The nightmare of Orwell's Animal Farm has come back to haunt us: "All animals are created equal, but some are more equal than others." Animal Farm was written as a satire against the replacement of one type of tyranny for another, masking itself as freedom. Translated into the 1990's, this means all people supposedly have the same freedom, rights and liberty guaranteed by the U.S. Constitution and Bill of Rights.
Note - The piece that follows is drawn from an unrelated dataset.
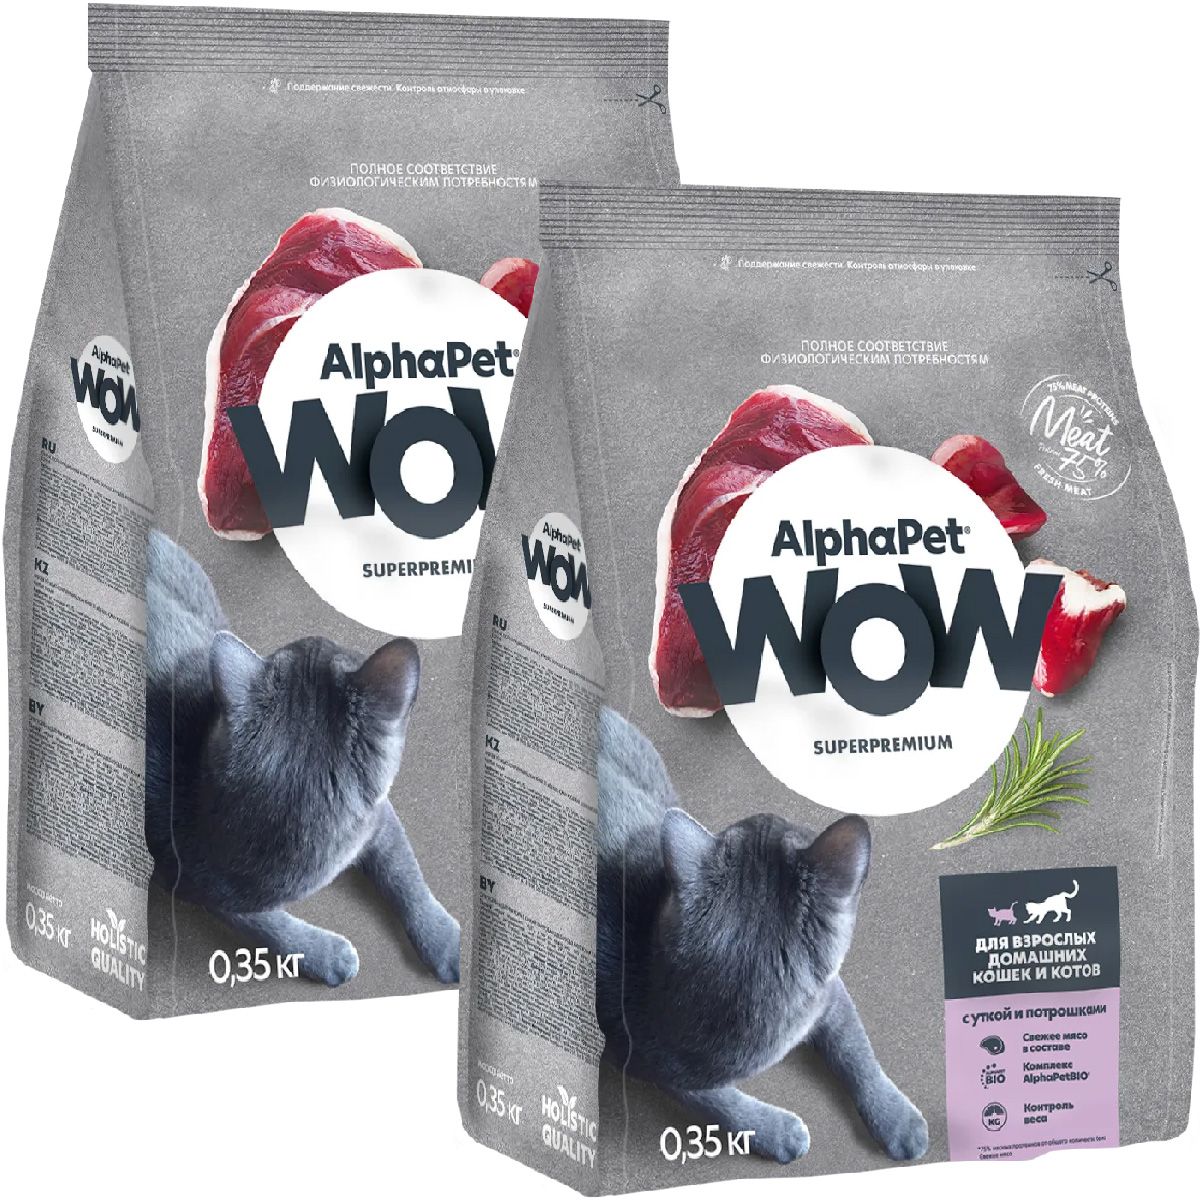 Купить корм для кошки wow. Alphapet wow 0,35кг утка потрошки сухой для взрослых кошек.

Yet in reality, some have the wealth, power, and position -- and apparently the right -- to do what they want more than others.

Witness: those people with the most "faculty" and "property" end up with the most freedom of speech and press (they own most of the television stations, printing presses, and movie studios); the most equal protection (including the best schools, the glitziest health spas, the best doctors, and the most elaborate private security systems); the most freedom from search and seizure (how often do we hear of the police jumping someone in Beverly Hills like they did to Rodney King?); they hire all the best lawyers (it helps them to loot S&L's and clear cut old growth forests, evading prosecution as they proclaim: "The best way to rob a bank is to own one"); they buy the most Life, Liberty and Pursuit of Happiness (the biggest, most fabulous houses, swimming pools, gas-guzzling luxury cars and boats, private planes, glamorous vacations, etc.).

"All men are created equal." Yeah right. Besides being sexist, this never was the operative principle of our government or country. It was pure propaganda, right from the start. What the Founding Fathers -- not coincidentally the richest men in the new nation -- wanted was an economic and political milieu in which they and their property rights would not be interfered with by a meddlesome king or government, or by anyone more powerful than they. It was a palace coup, except now there was not to be one king but a few hundred; the divine kingship had been extended to all propertied white males, and especially the wealthiest of these, like George Washington, John Adams, John Hancock, Madison, Hamilton and their ilk.

Our society is still reeling from the inequalities that have resulted from this legacy. Our society is still dominated by a wealthy, predominantly white male elite who control our trickle-down political and economic system. The fact that it takes a billionaire like Ross Perot to inspire hope in so many voters is just one more proof of how much the political system has been bought by economics.

During our Independence Day celebrations, as we examine the wreckage around us -- wreckage that is not confined to South Central Los Angeles -- perhaps we can ask ourselves as individuals, institutions, and corporations, what more we can do to bring the promise of the American Dream to every woman, man and child in the United States of America. And perhaps we can ask ourselves if we are ready for the fundamental economic and political changes that realizing that American Dream may require.